In order to do simple gear repairs, you need to know how to sew. I learned the basic sewing skills as a Boy Scout (my mom instructed the troop on how to sew.) We didn't get a merit badge for our new skills, but we were able to sew our merit badges and other patches onto our uniforms. Sewing is an important skill.

Later in life while sailing, I learned even more about sewing and in particular, how to mend a sail with an awl. If you sail very often, you are repairing sails very often.

Sewing with an awl is not very difficult, but it does take a bit of practice to learn the basics. I am using the Speedy Stitcher Sewing Awl, but we also have two other smaller awls in our repair kits. They all work similarly.

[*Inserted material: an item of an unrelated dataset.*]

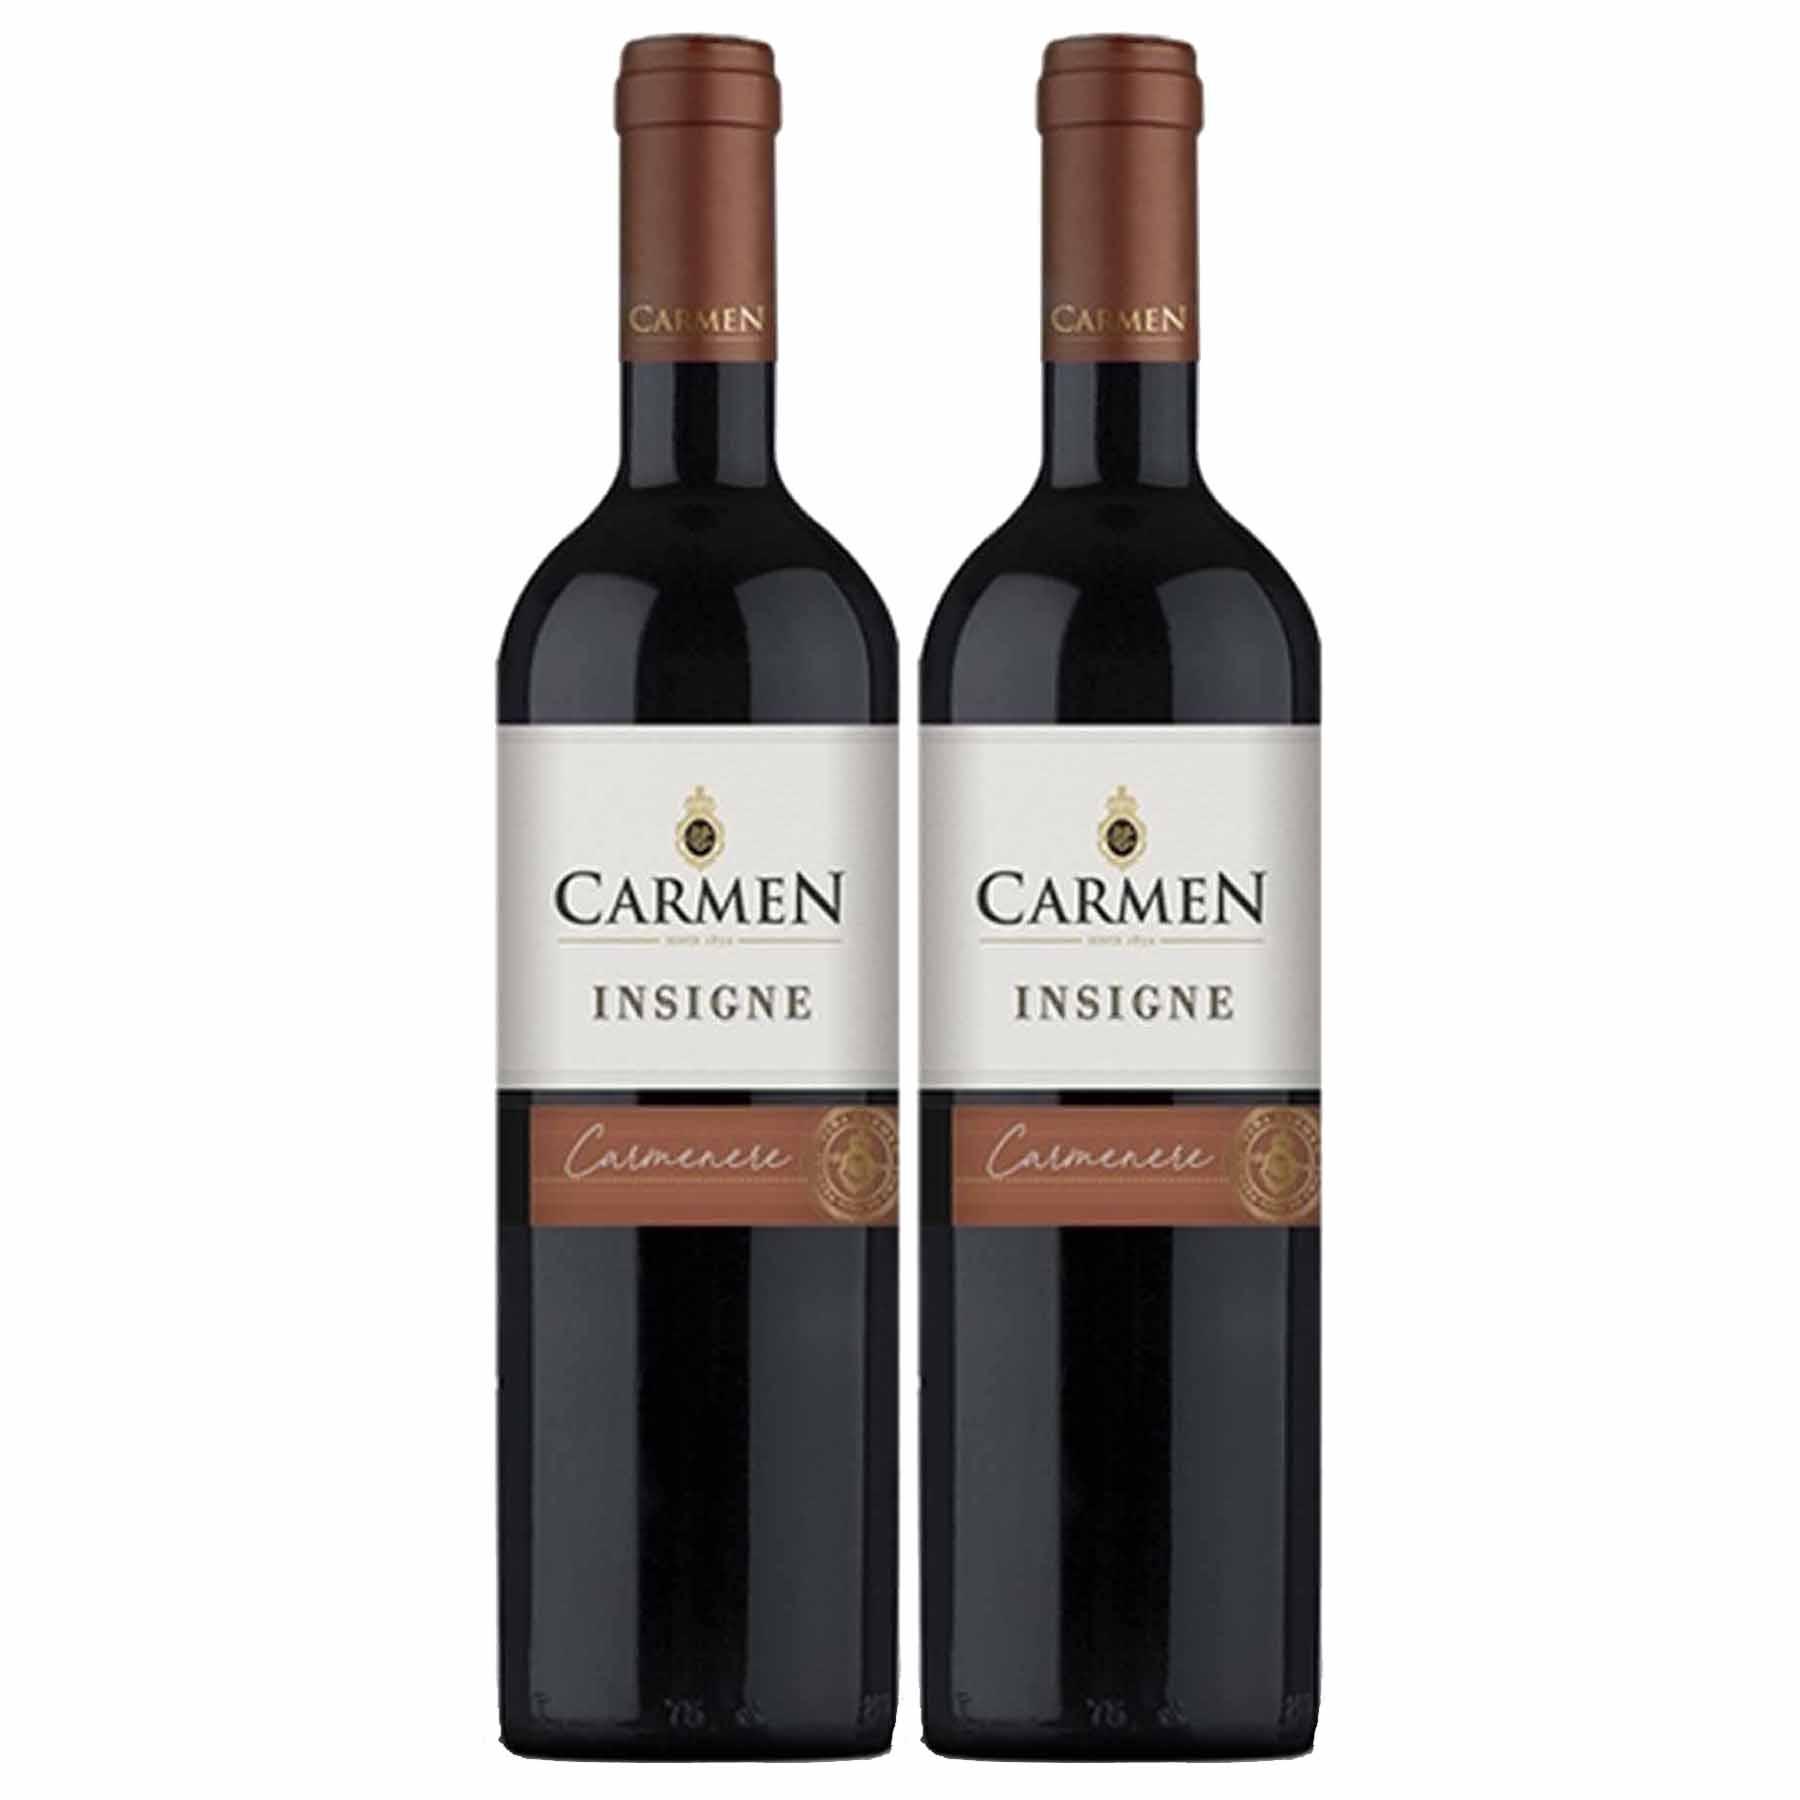 Kit 2x Vinho Tinto Chileno Carmen Insigne Carmenere 2018

Setup and threading - Remove the chuck lock (in above picture my thumb is pointing to it) and place the straight needle in the threaded shaft. (I had to tap the awl to seat the needle). Make sure the groove in the needle is in line with the groove in the handle. The thread then come from the bobbin (stored in the handle) out the hole in the handle and around the tensioner brad (once around and then under so that it provides tension). Next, feed the thread along the groove of the handle (you might have to snip the thread for a clean cut for treading) and through the hole in the ferrule (the metal cap for the handle). Finally, the thread goes along the groove in the shaft and needle and into the hole of the needle. Re-place the chuck lock and pull the end of the thread out from under the chuck.

awl positioned over gap between slats

Sewing area setup - I like to use a surface with spaced boards such as a picnic table or a deck. To hold the material I am sewing together, I find vice grips are handy. Position the material over the space between the slats of wood.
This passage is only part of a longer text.